**TASK INSTRUCTIONS:**
The pictures must be left out, while the rest of the data is copied exactly.

**INPUT DATA:**
/---
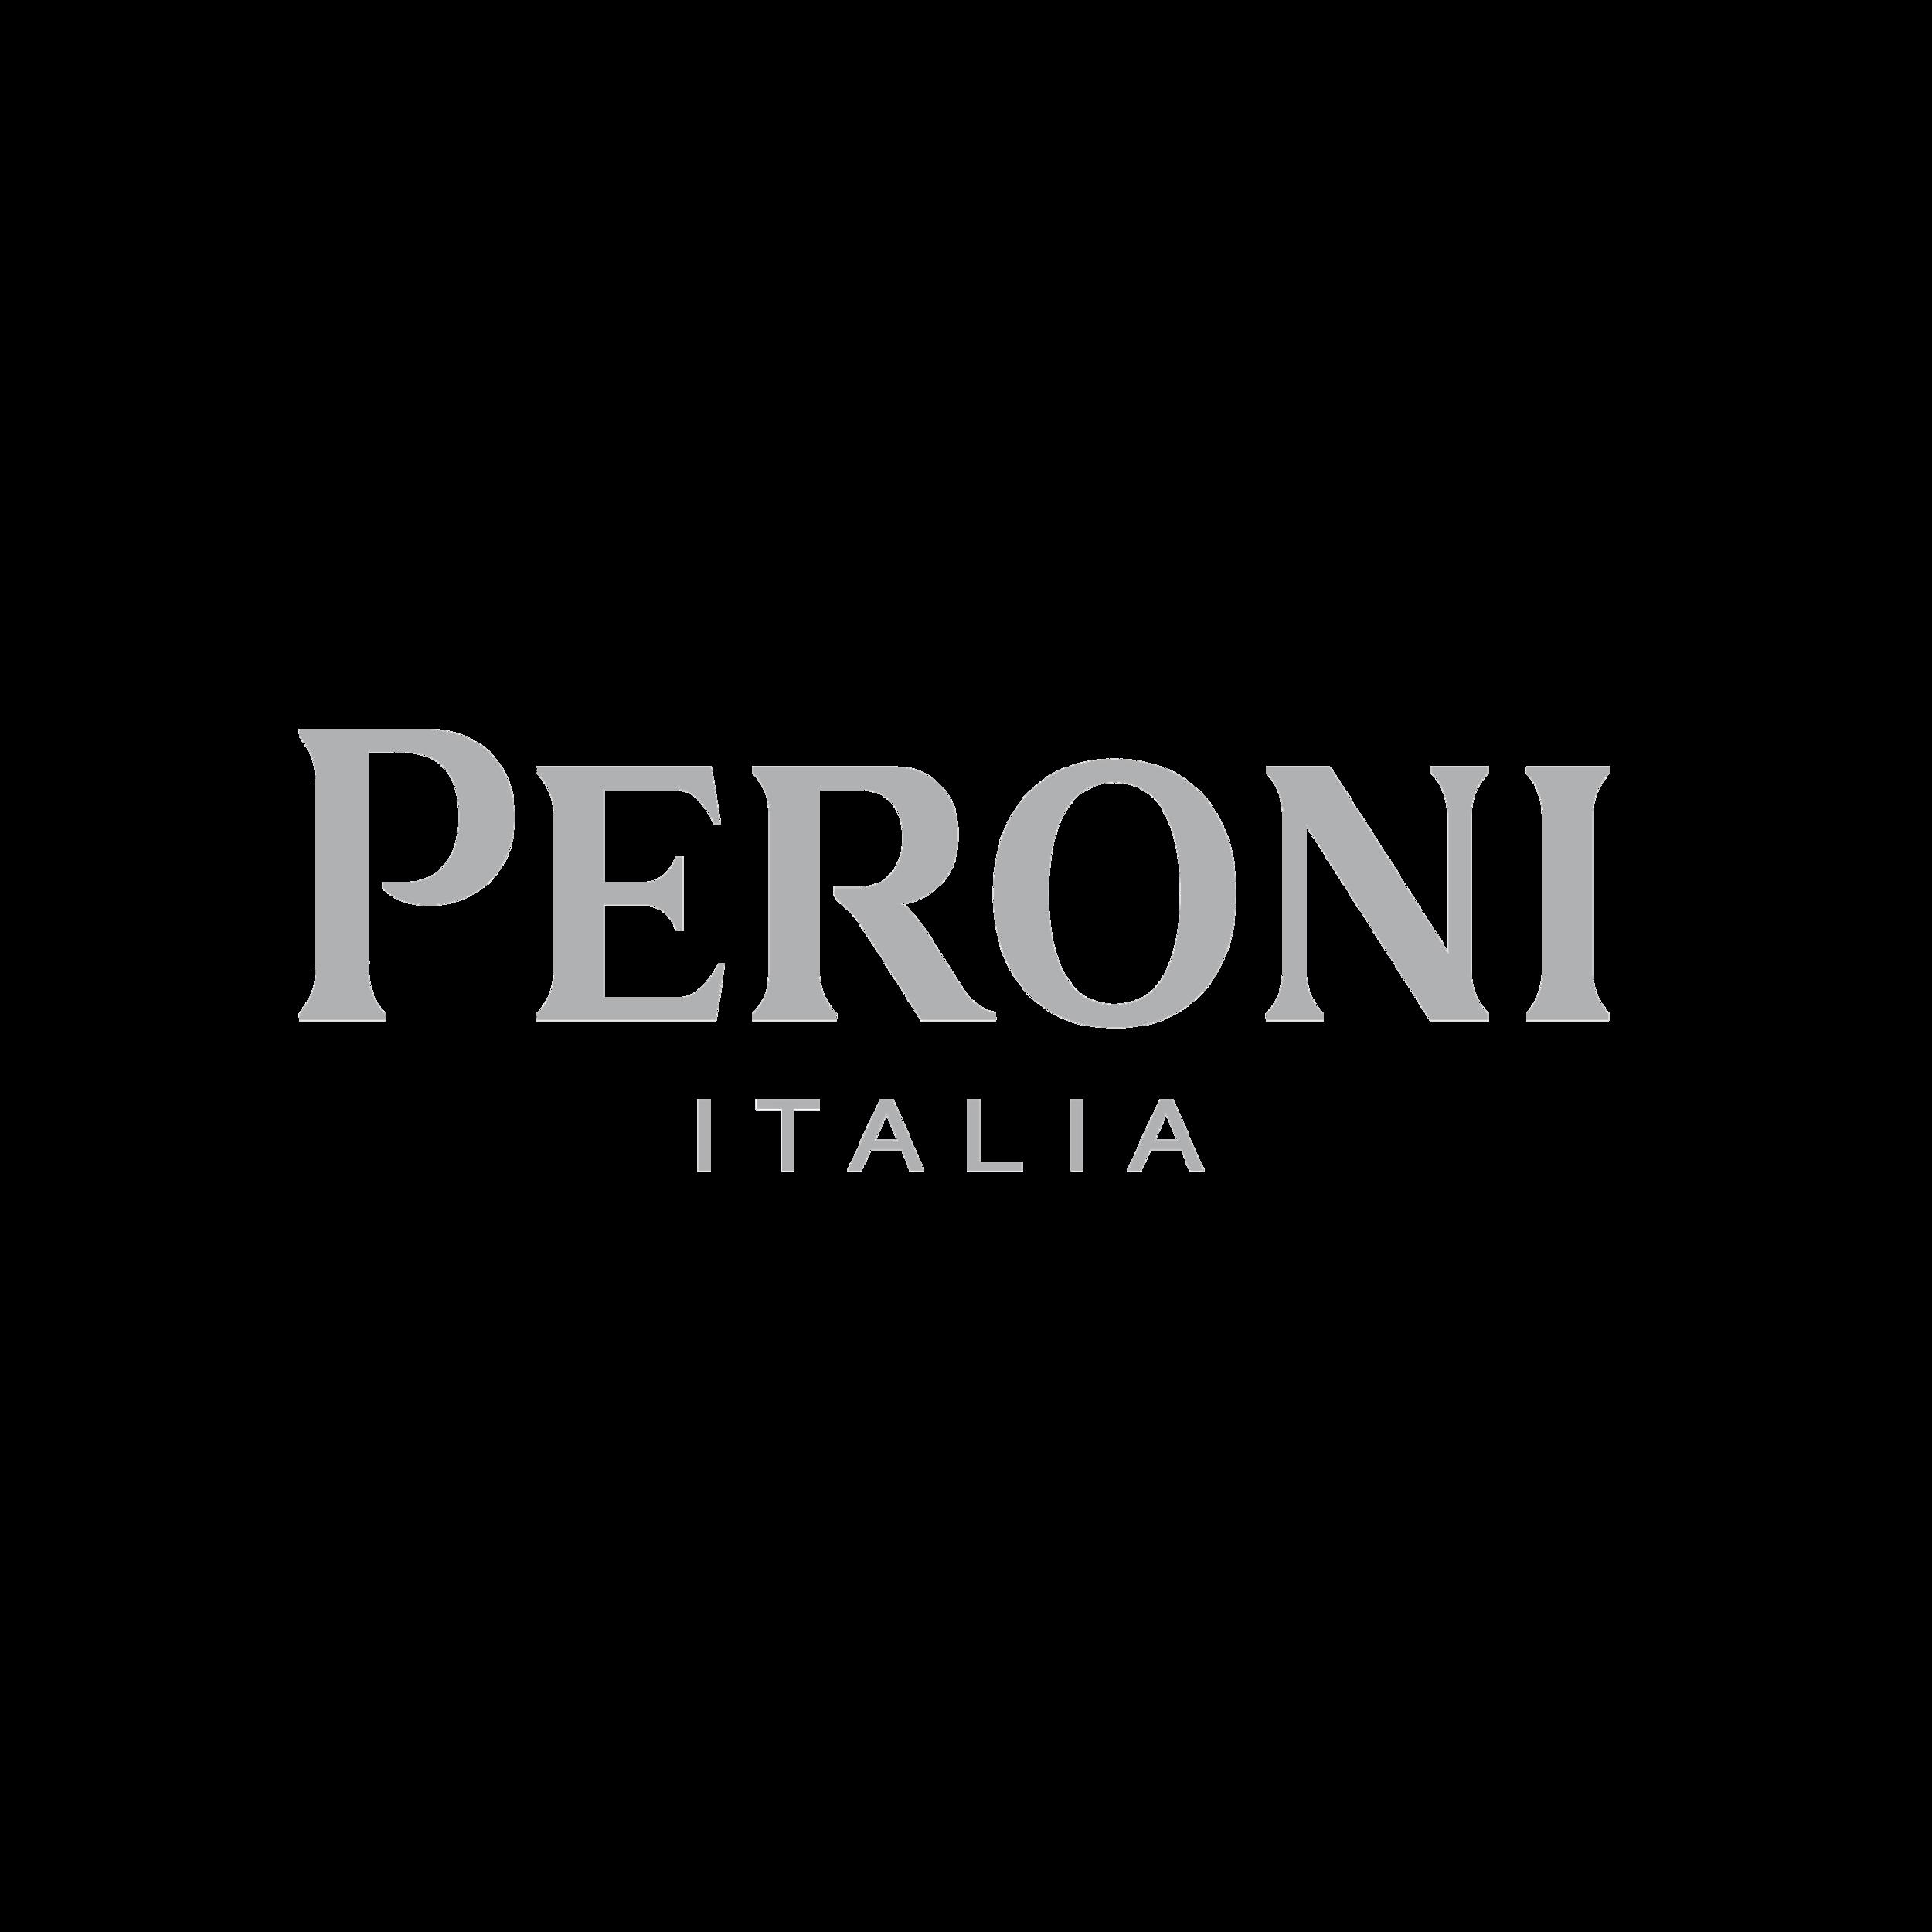 Peroni_mnemonic_master (1) copy.png
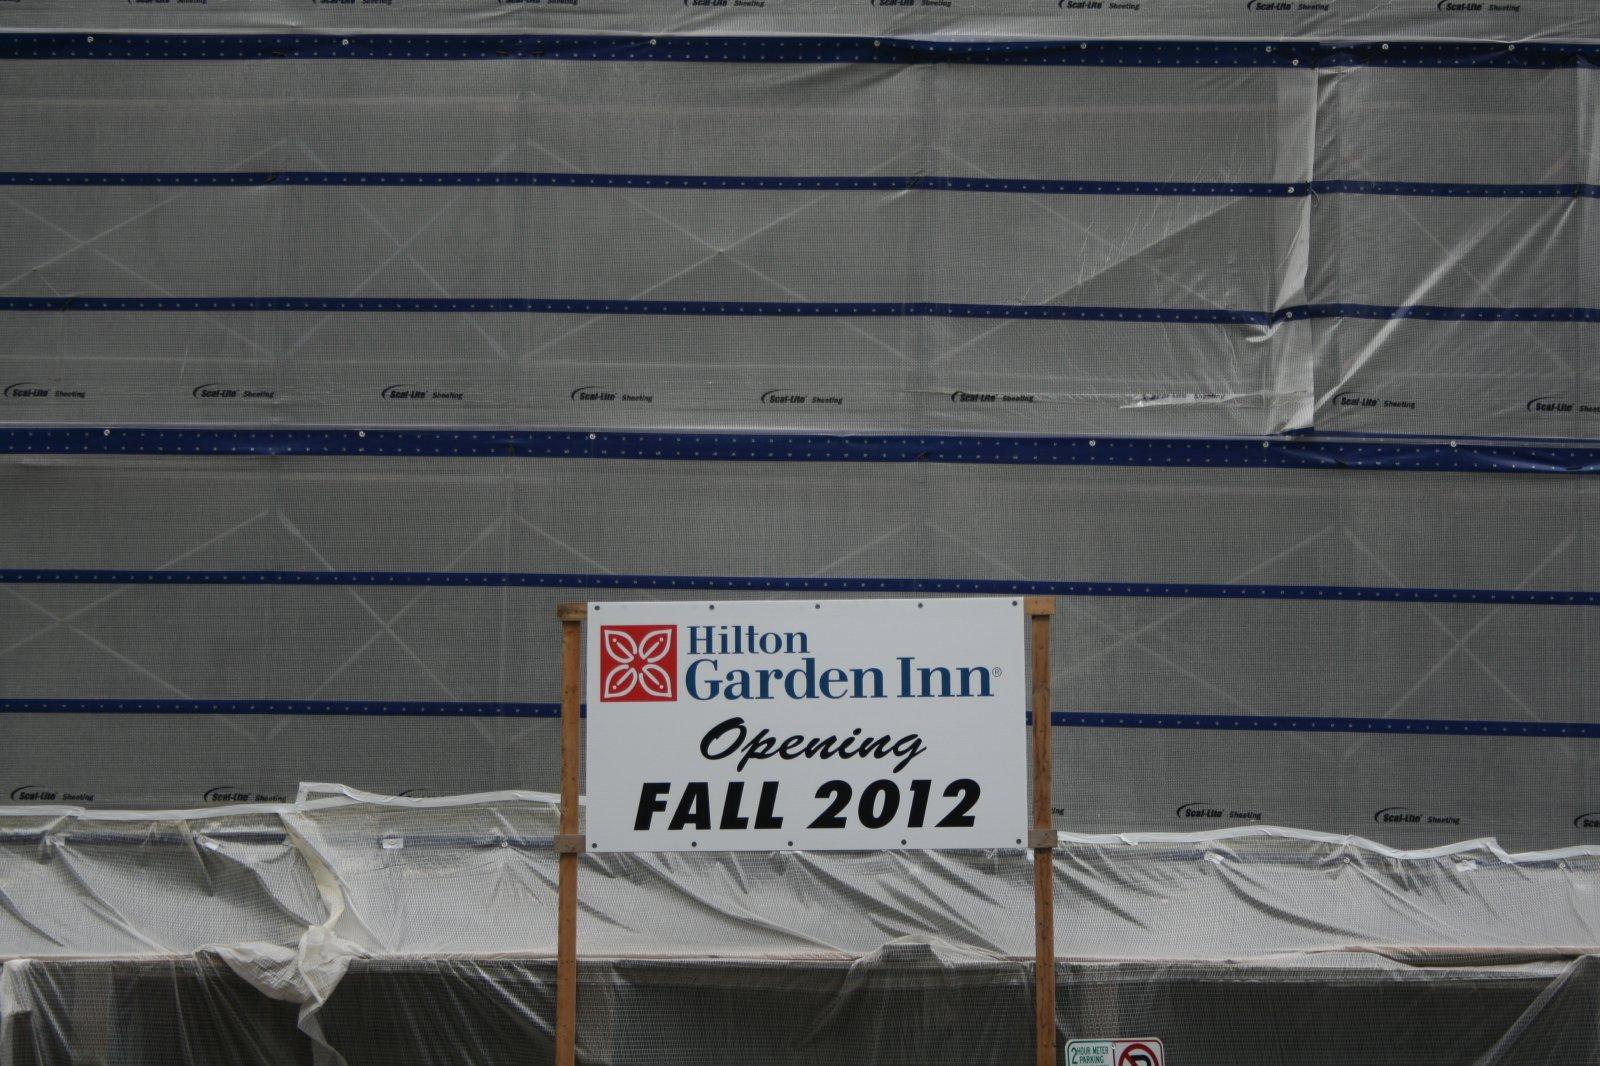 Hilton Garden Inn - Fall 2012
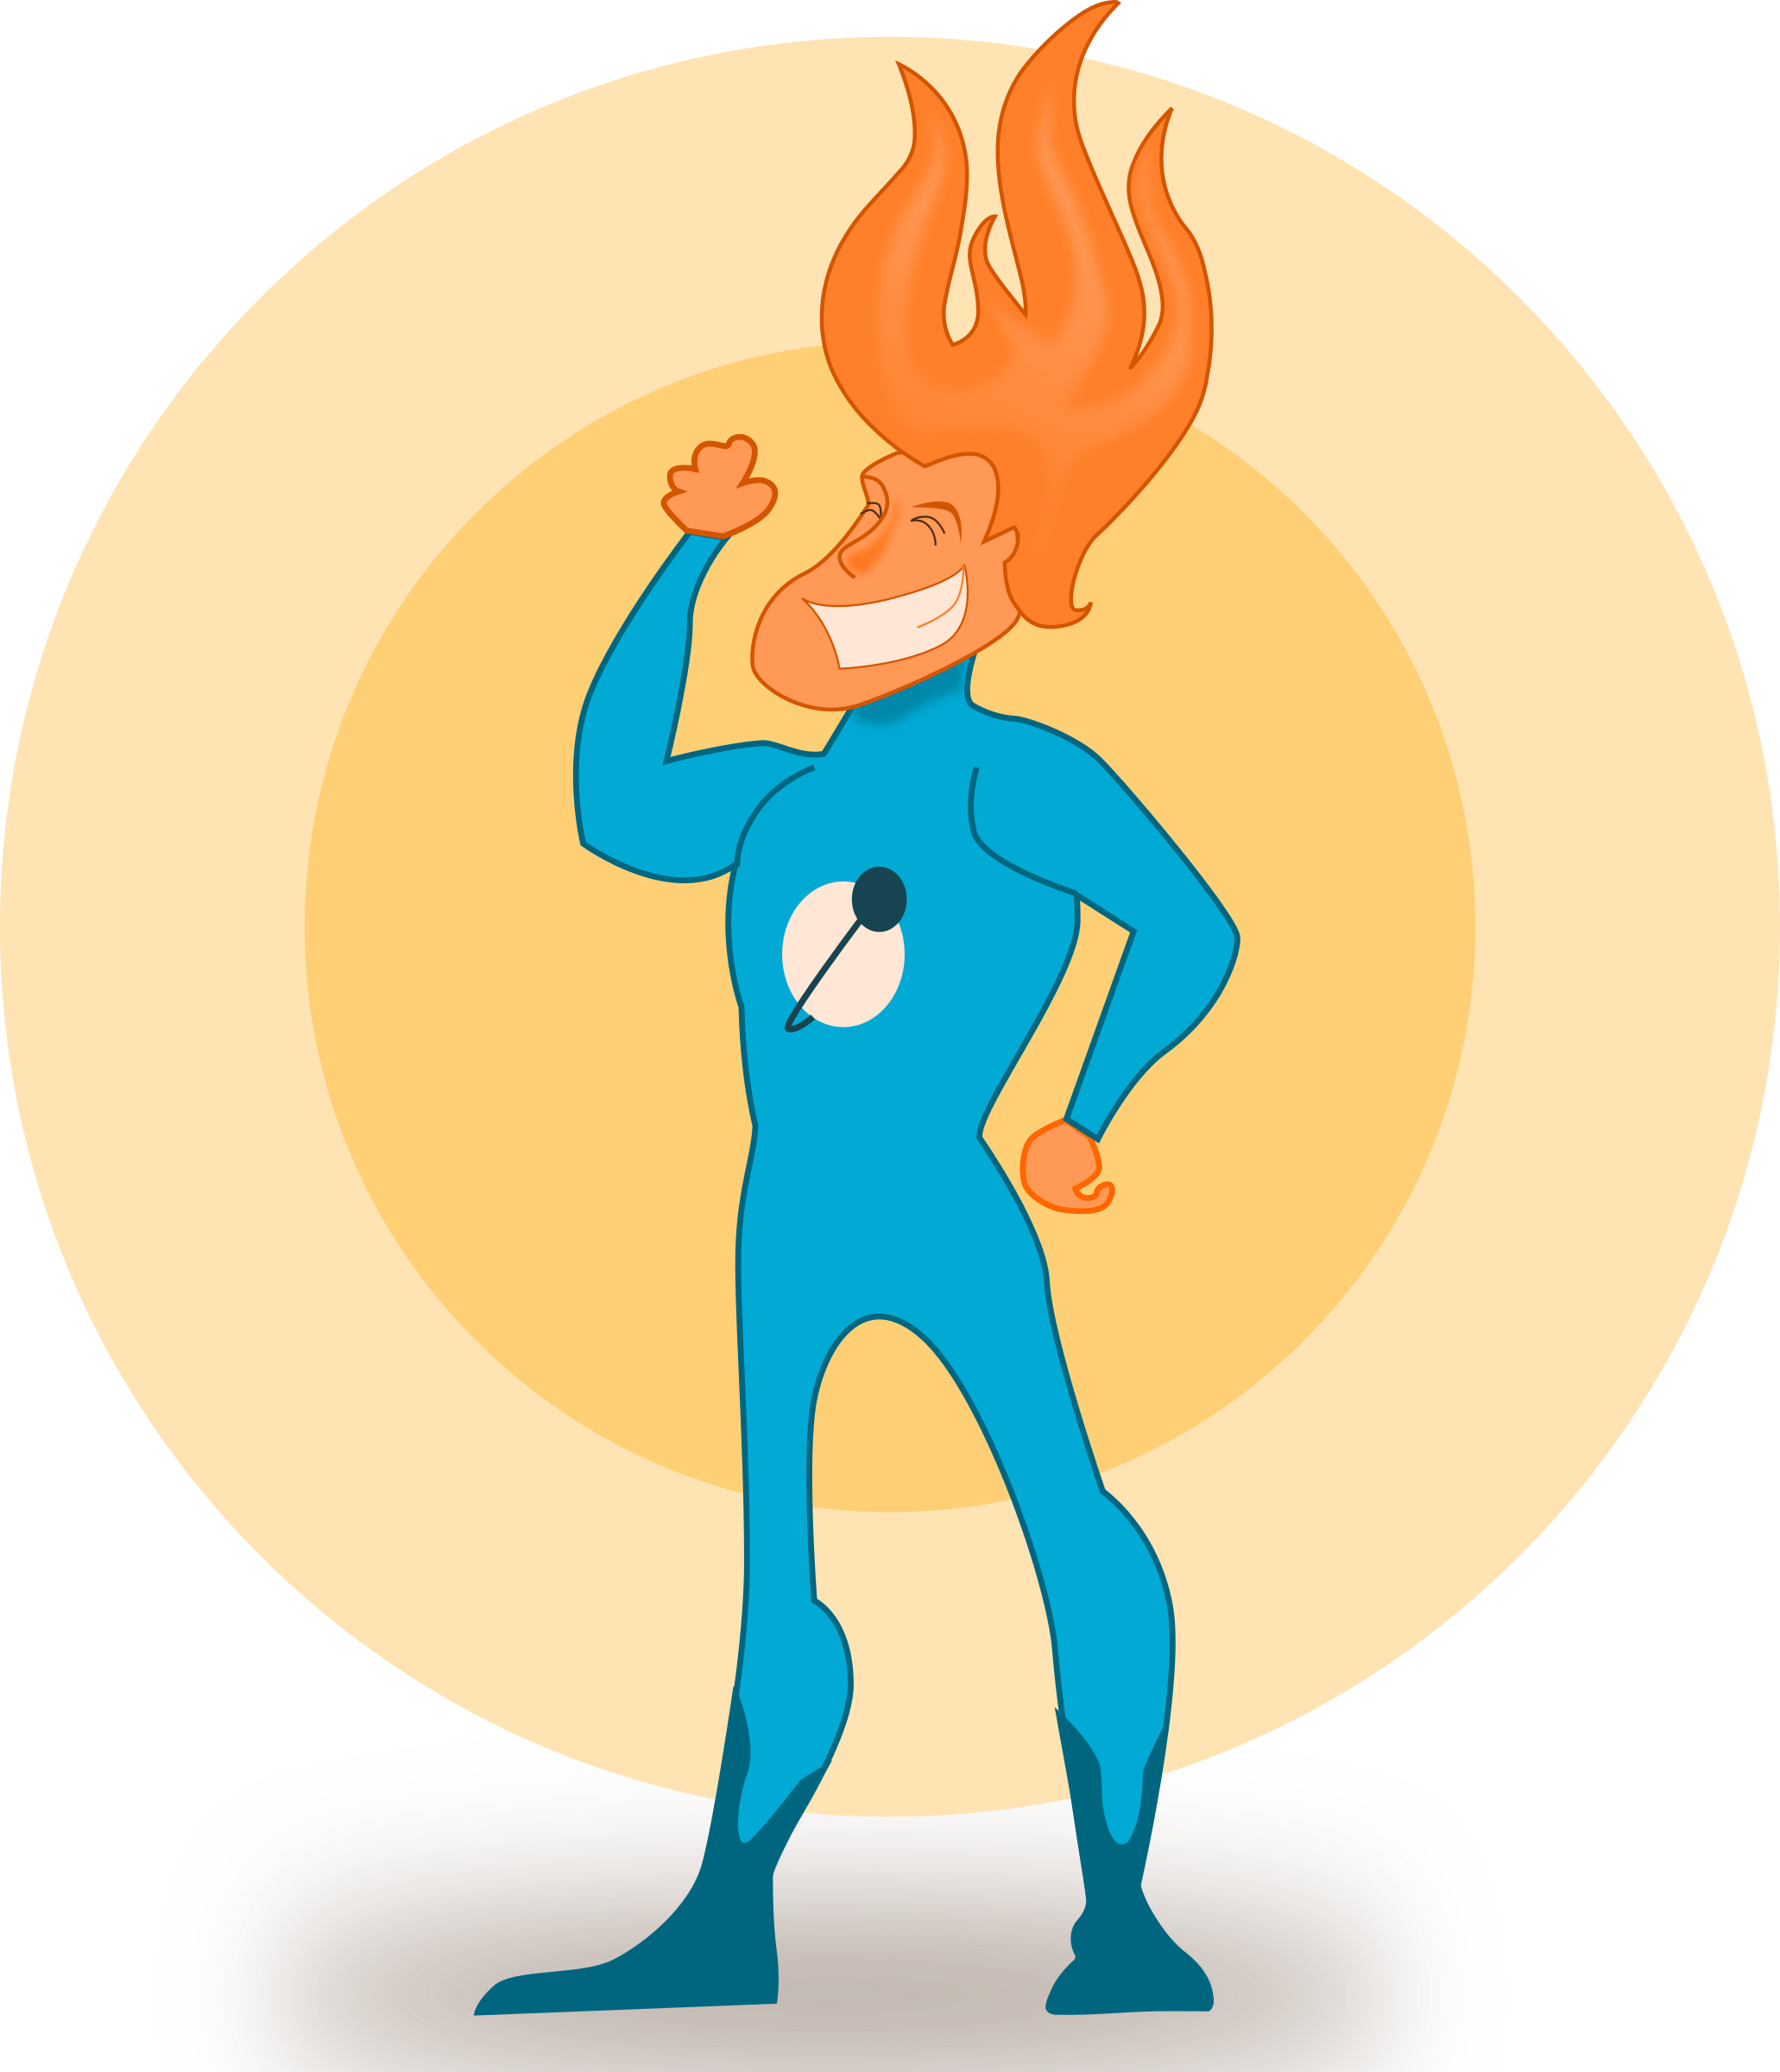 Super hero flame big. Superheroes clipart fight
\---
**OUTPUT BELOW:**
 Peroni_mnemonic_master (1) copy.png
 Hilton Garden Inn - Fall 2012
 Super hero flame big. Superheroes clipart fight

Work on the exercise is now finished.